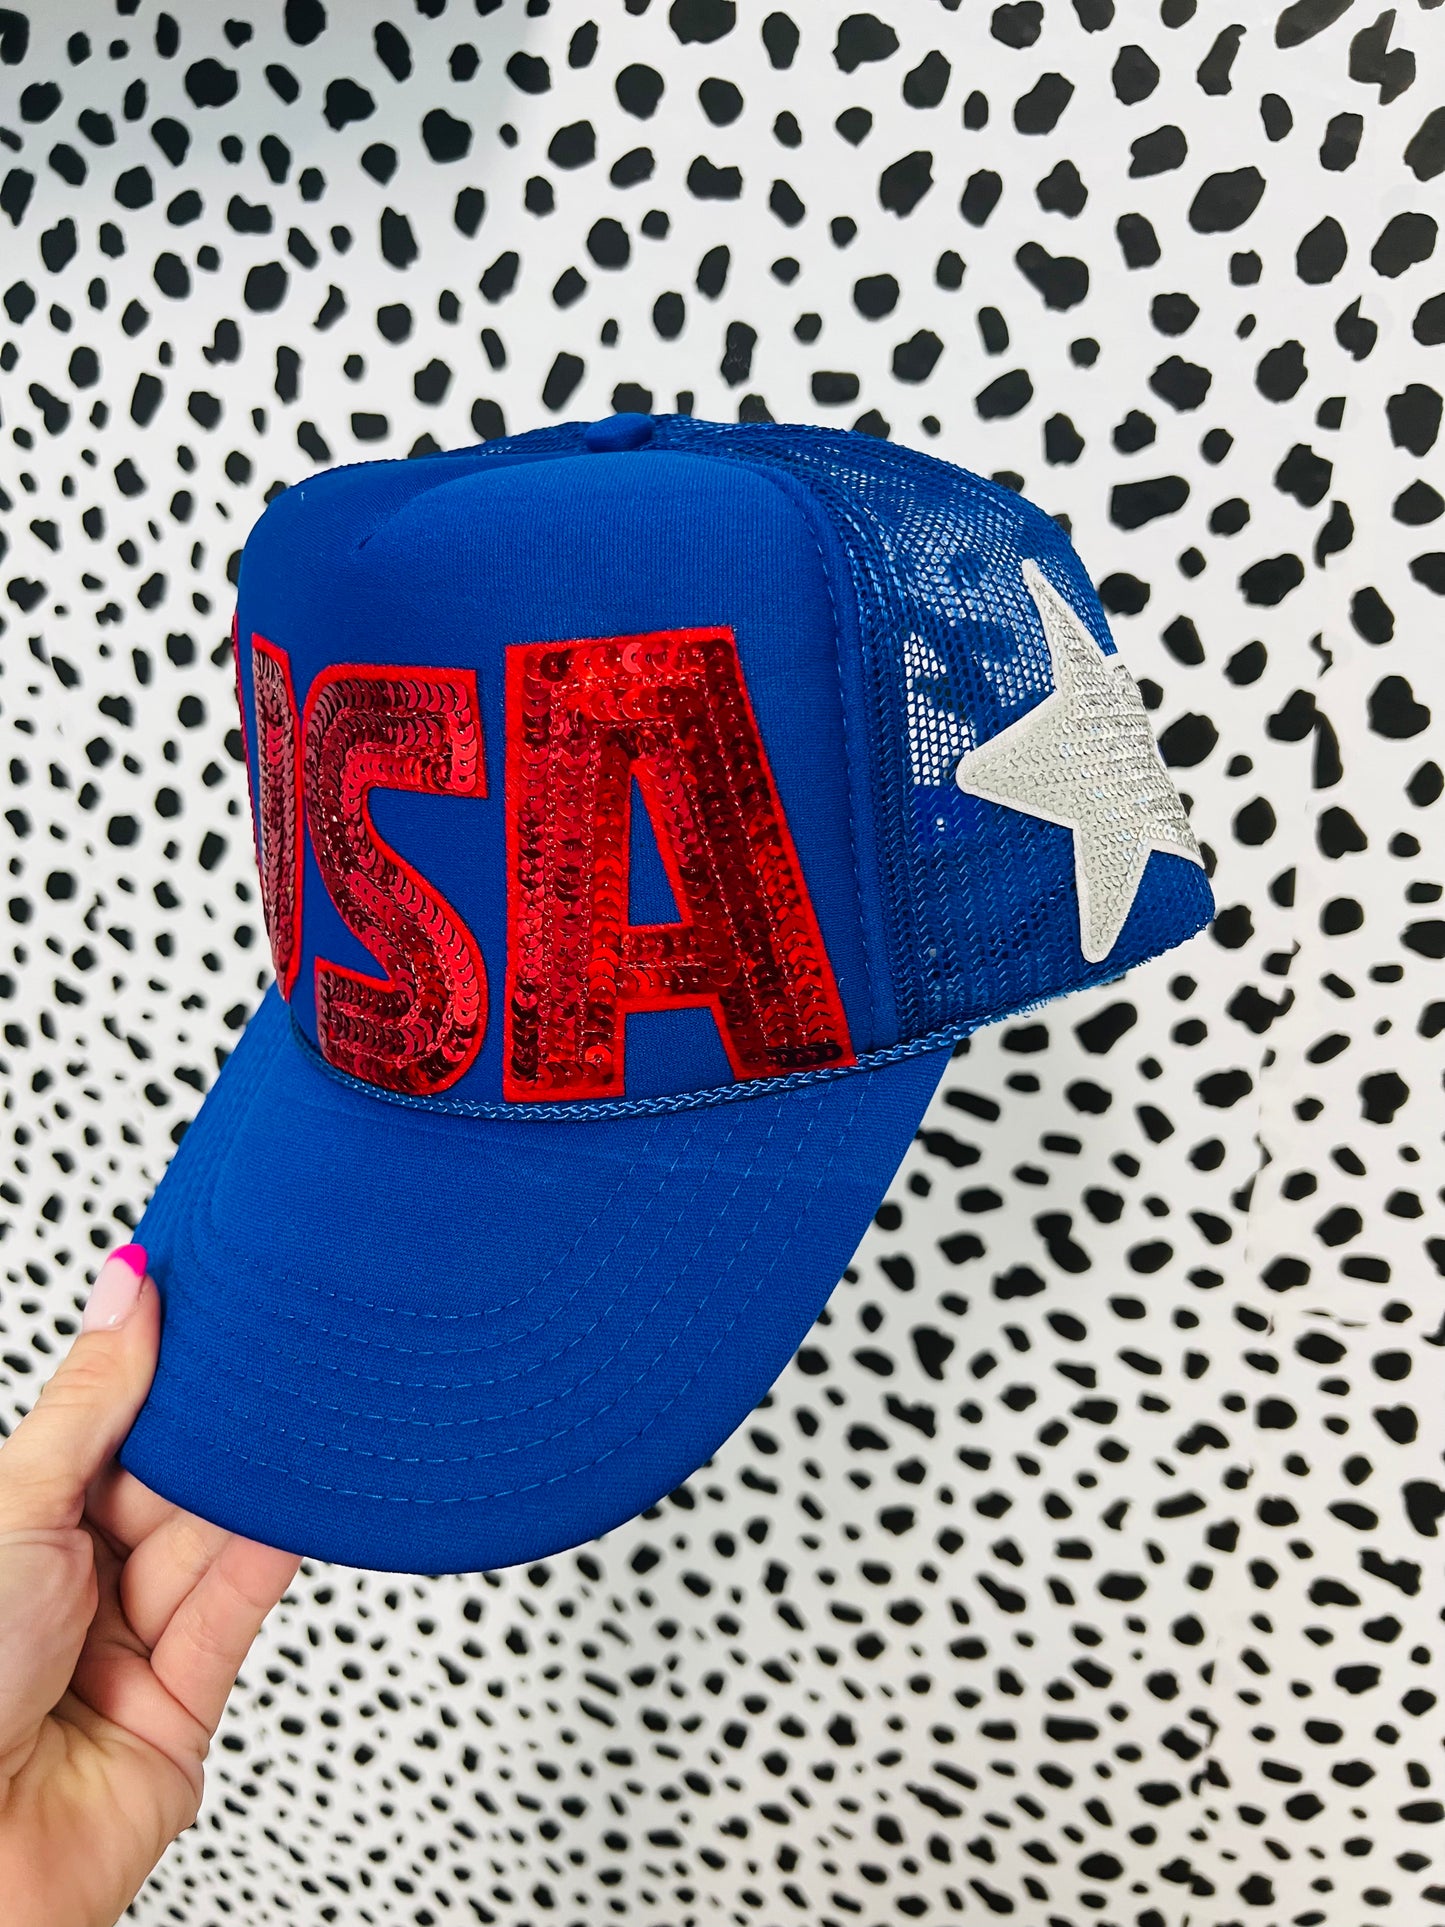 USA blue & red trucker hat
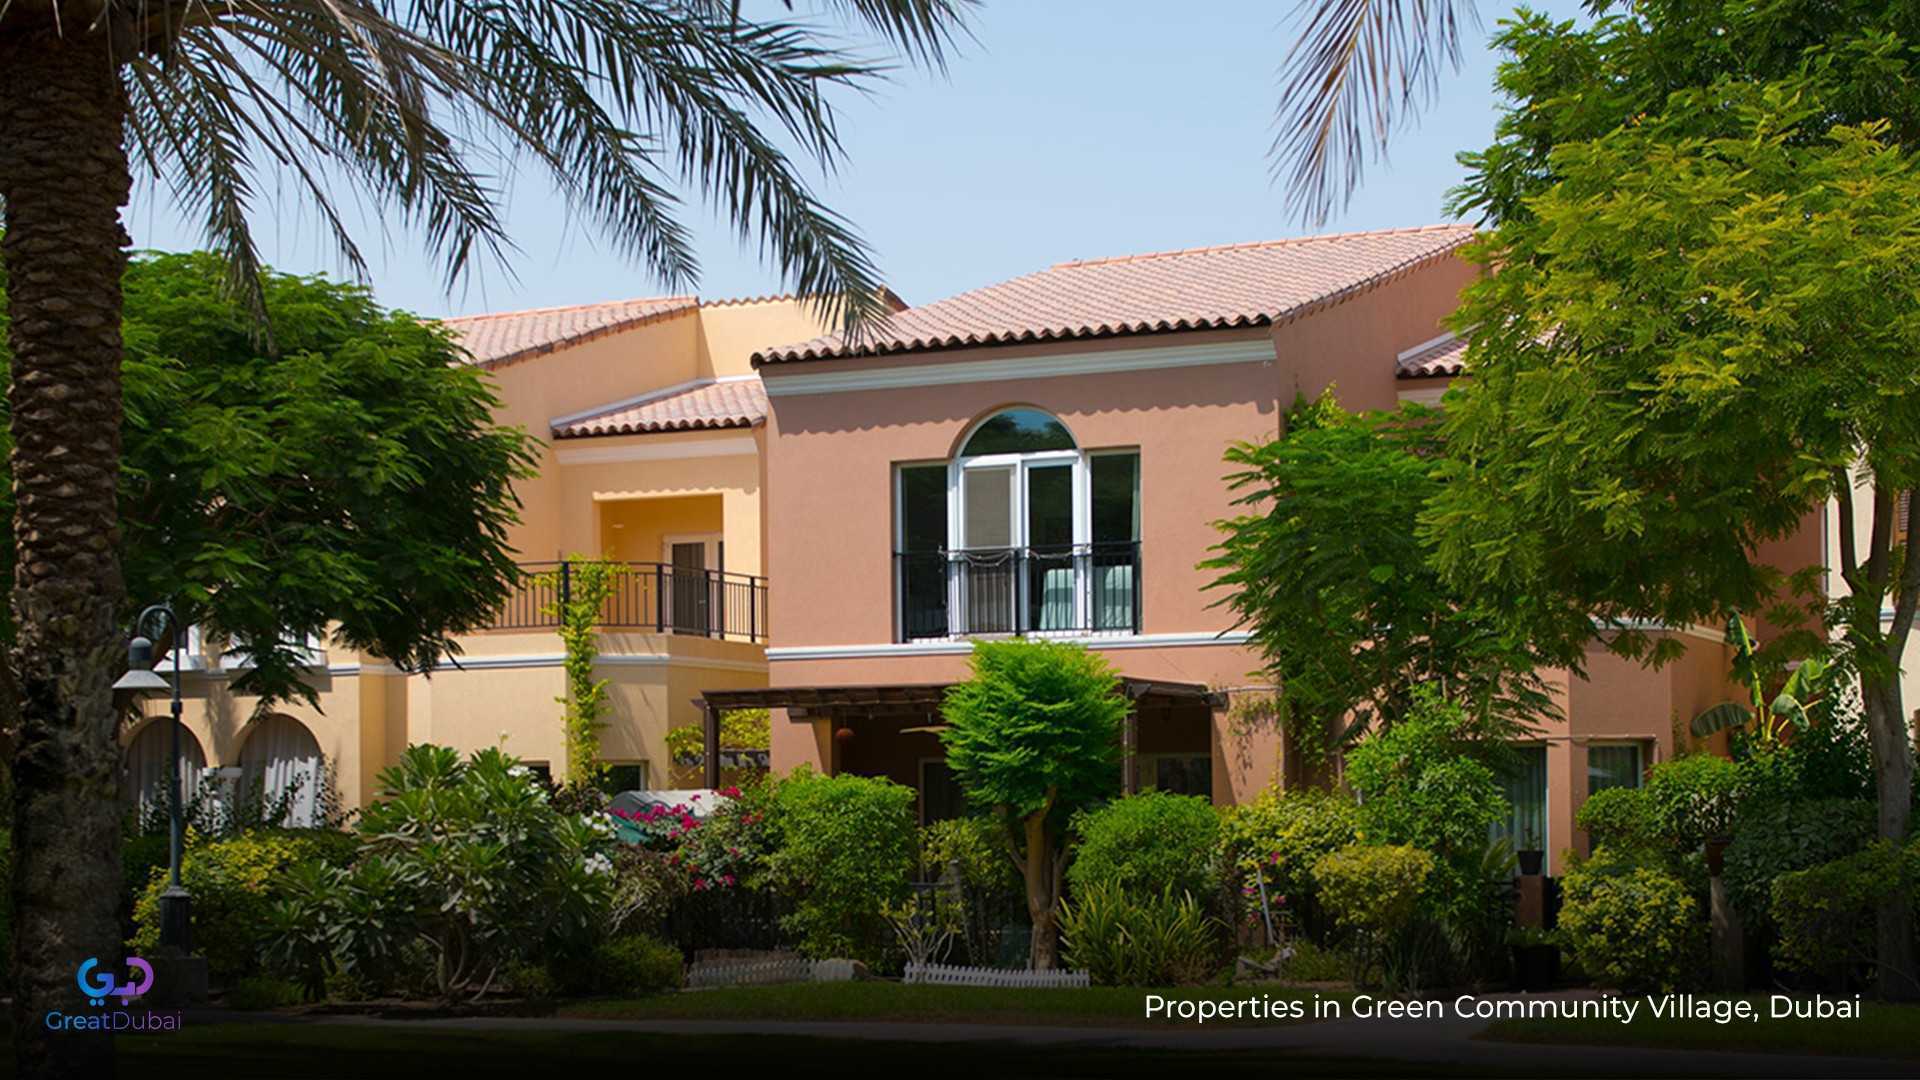 Properties in Green Community Village, Dubai
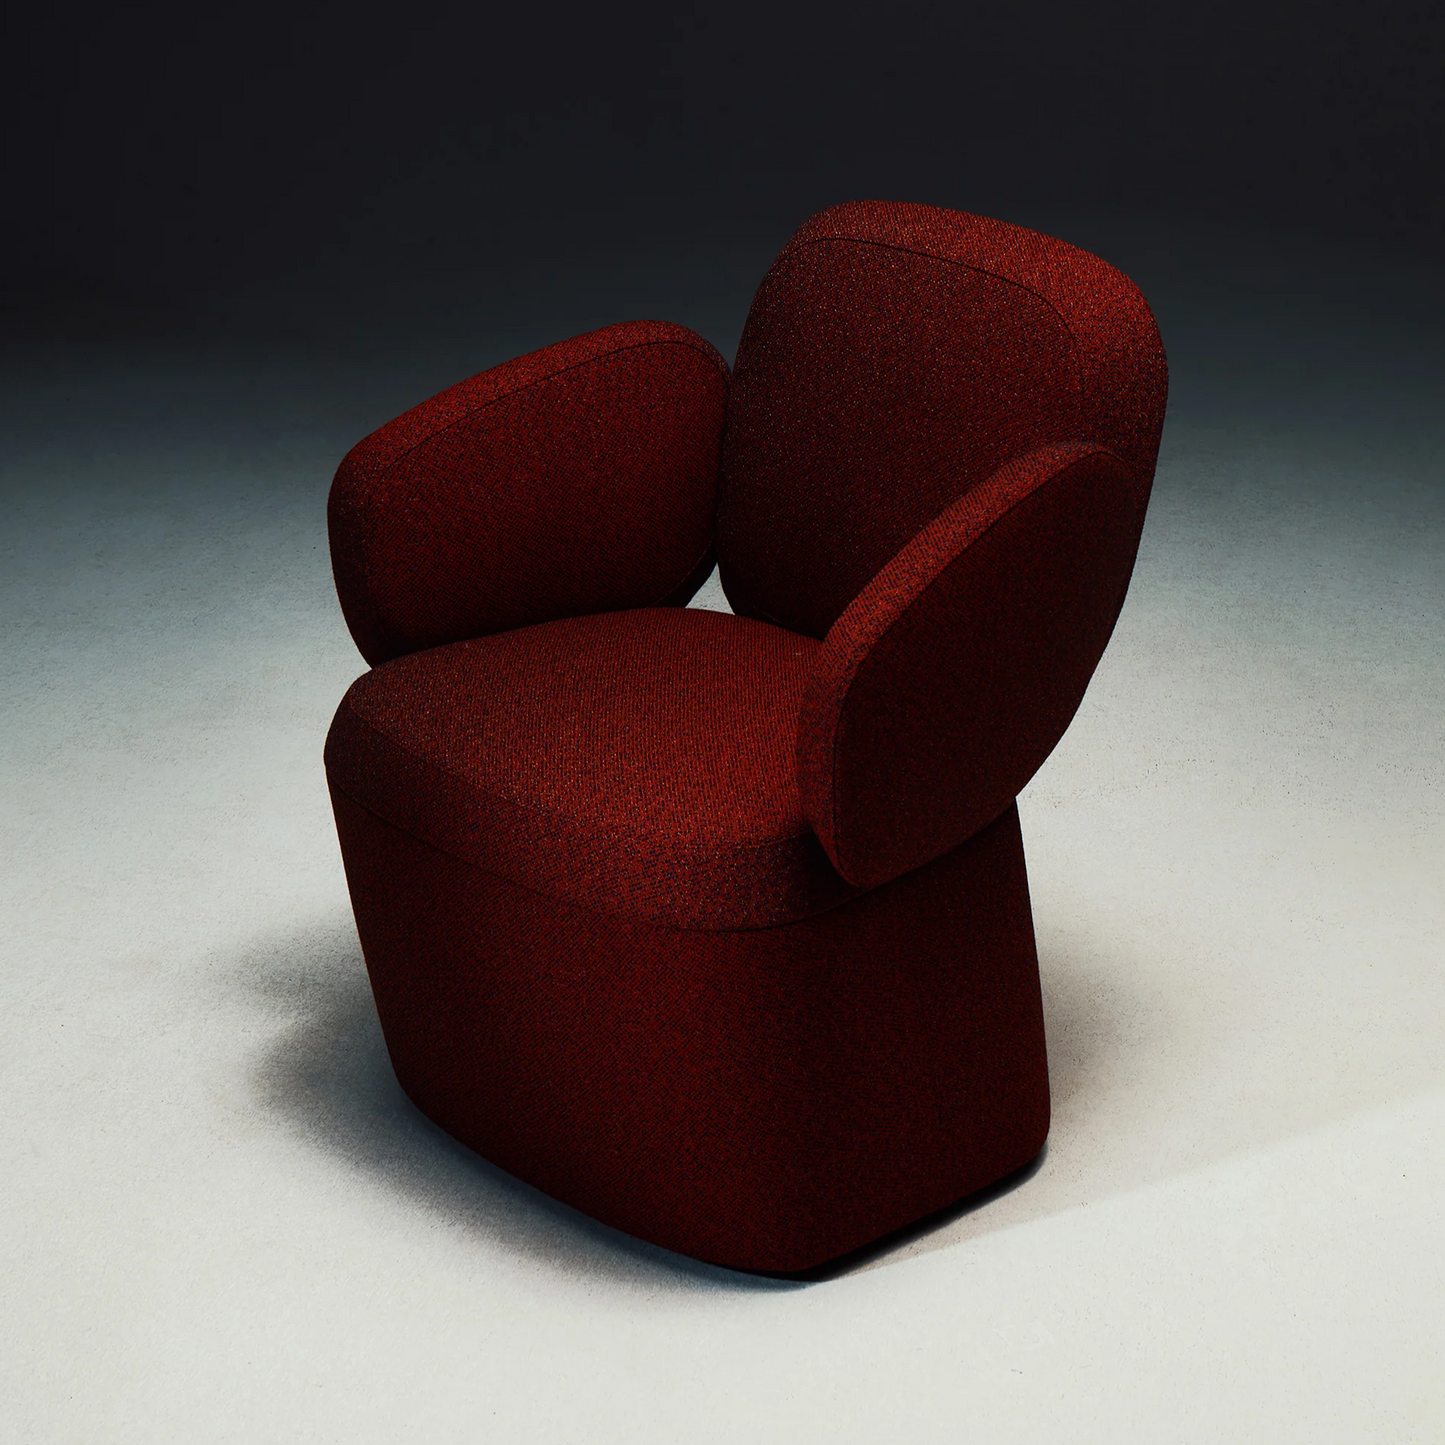 Sassi Chair

• **Assignment**:
With pictures left out, extract the lines from the one containing "Properties in Green Community Village, Dubai" to the end of the material above, both included, exactly as written.

• **Solution**:
 Properties in Green Community Village, Dubai
 Sassi Chair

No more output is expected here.